● Exercise description:
Reproduce the whole listing below without its pictures, exactly as written.

● Information supplied:
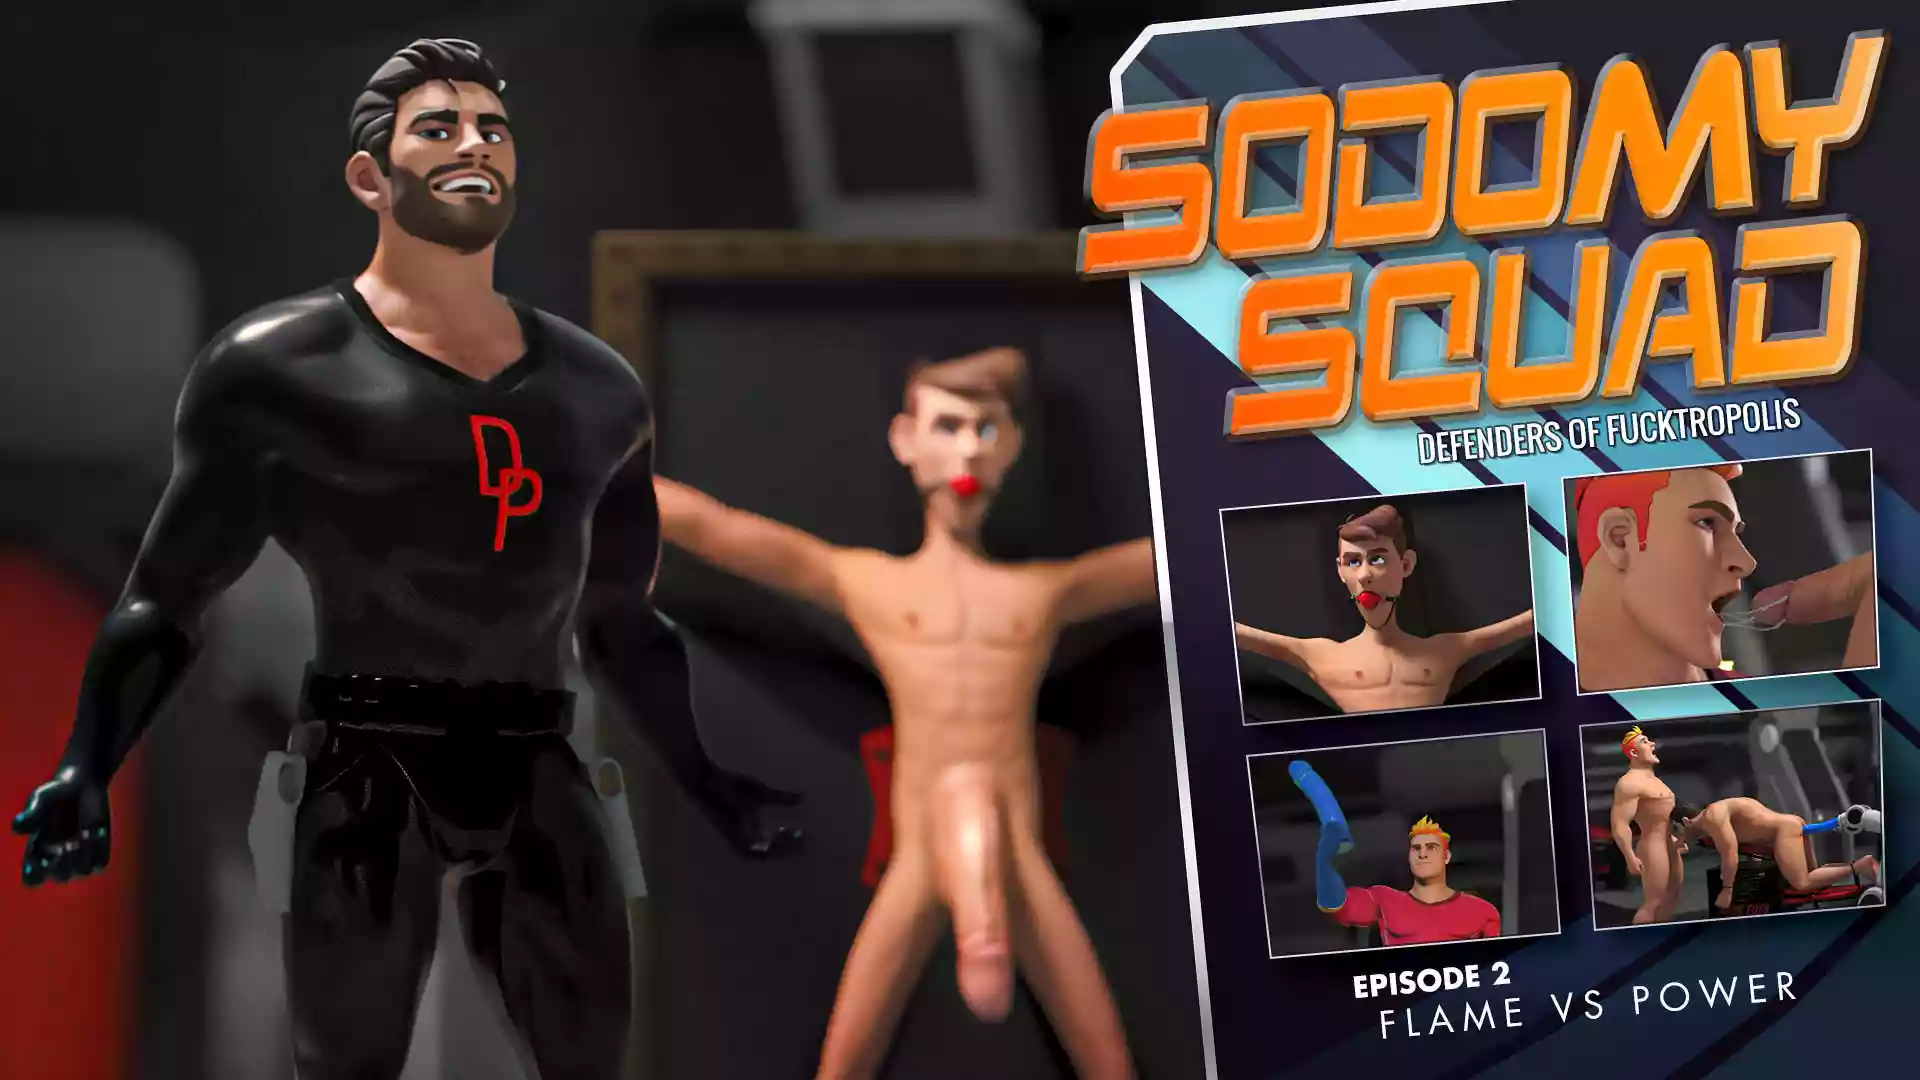 Sodomy Squad Episode 2, Flame Vs Power – Dr Power and Flame
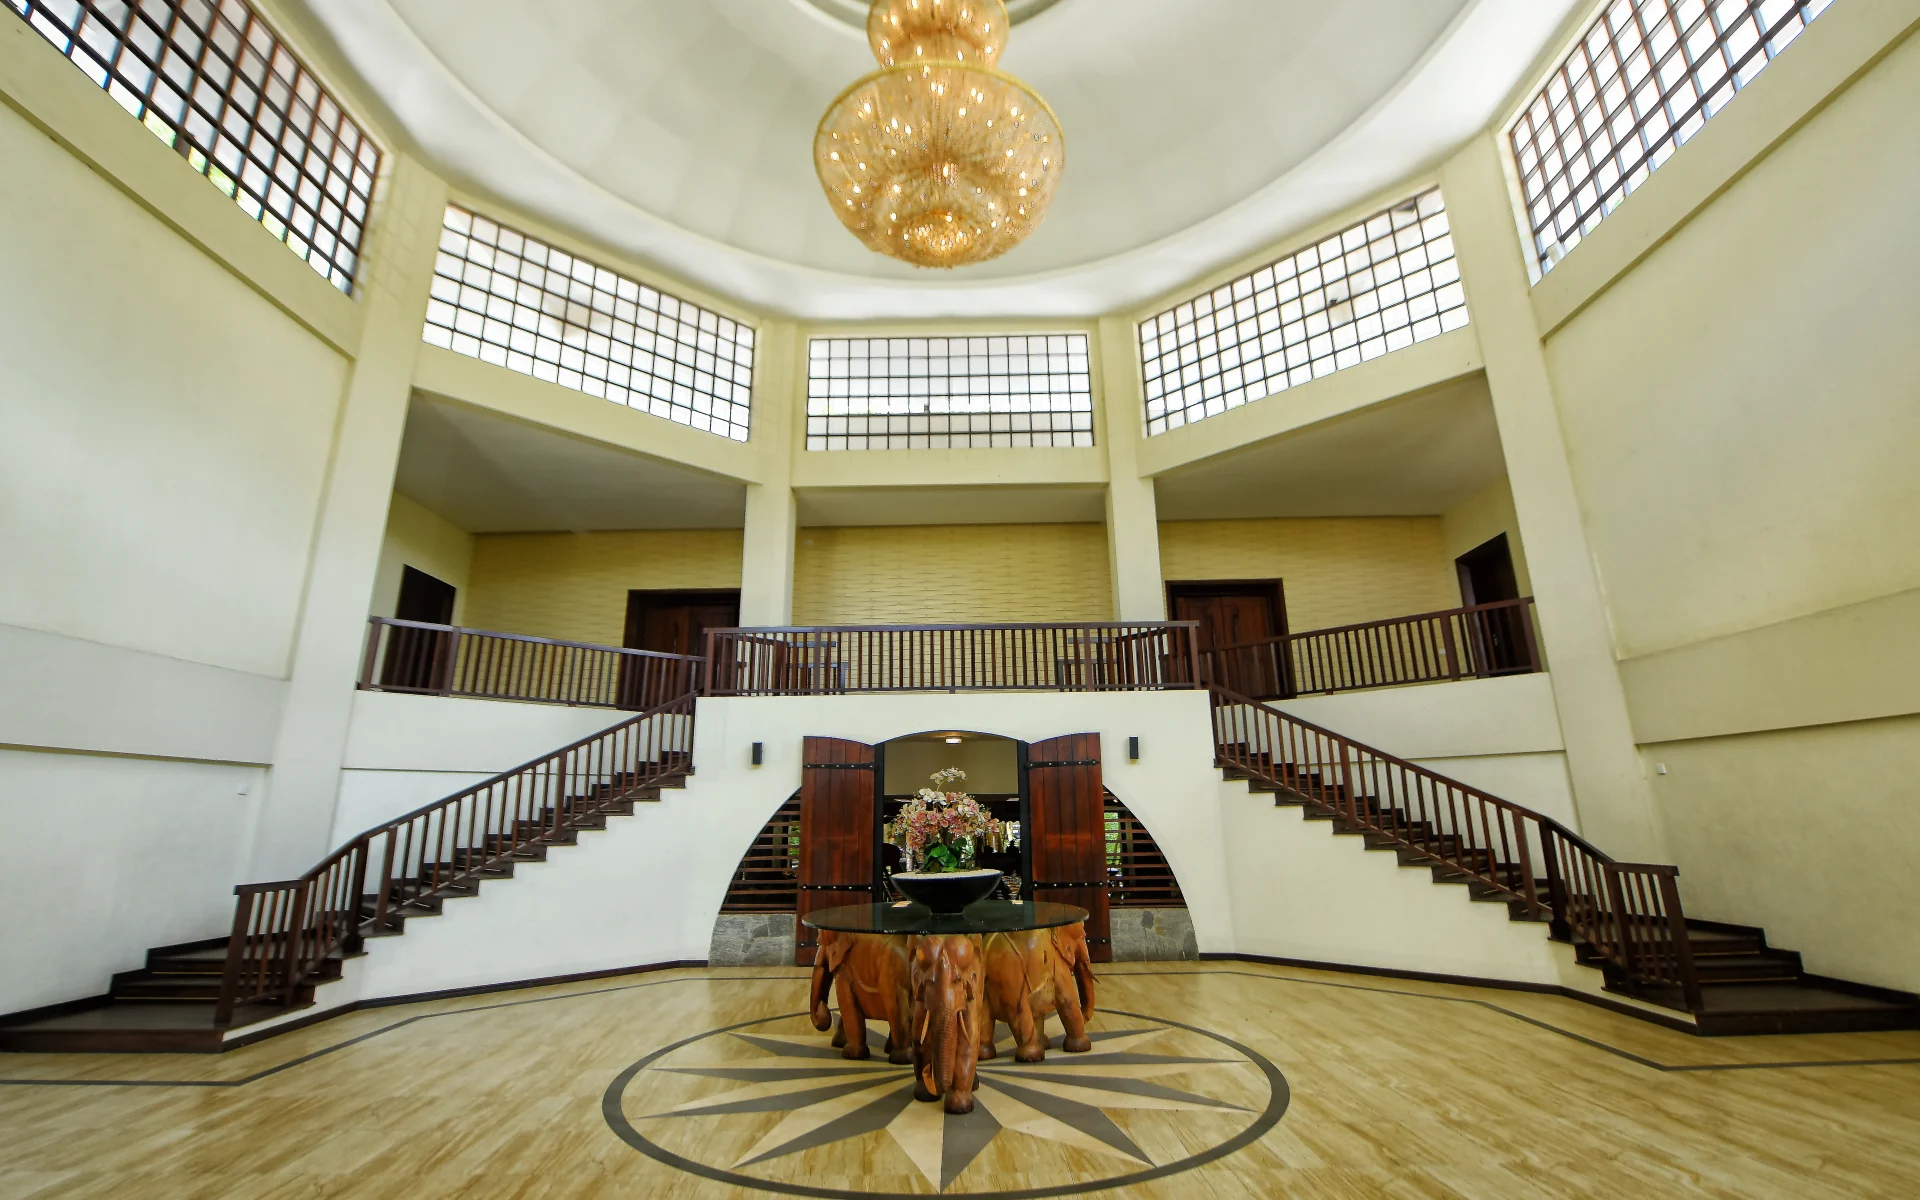 The entrance hall of the Grand Udawalawe is bright and spacious, and a two-way staircase leads to the higher floors.
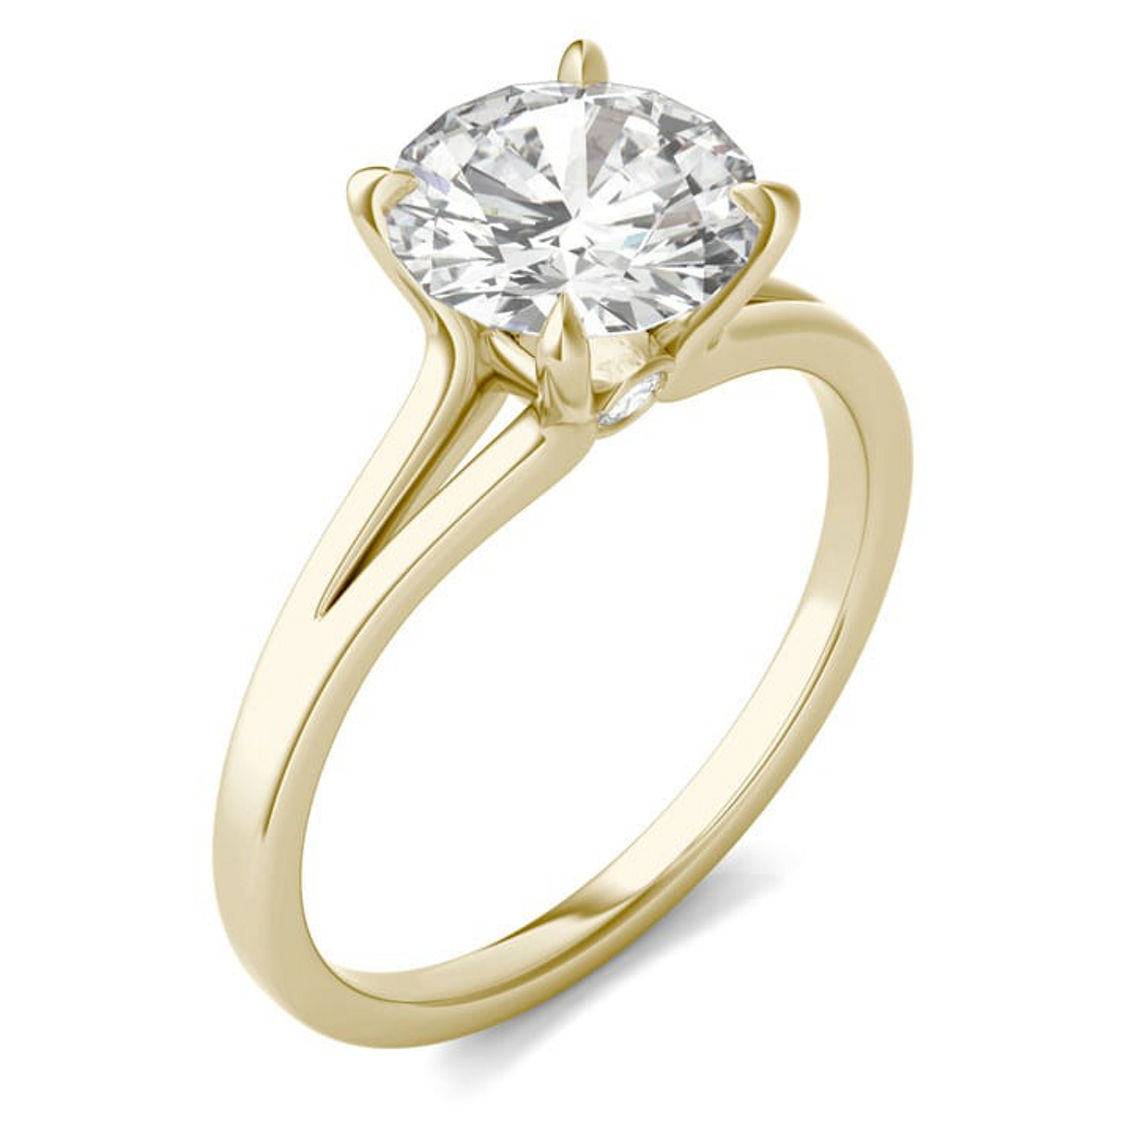 Charles & Colvard 1.96cttw Moissanite Round Solitaire Ring in 14k Yellow Gold - Image 2 of 5

● Written answer:
 Sodomy Squad Episode 2, Flame Vs Power – Dr Power and Flame
 The entrance hall of the Grand Udawalawe is bright and spacious, and a two-way staircase leads to the higher floors.
 Charles & Colvard 1.96cttw Moissanite Round Solitaire Ring in 14k Yellow Gold - Image 2 of 5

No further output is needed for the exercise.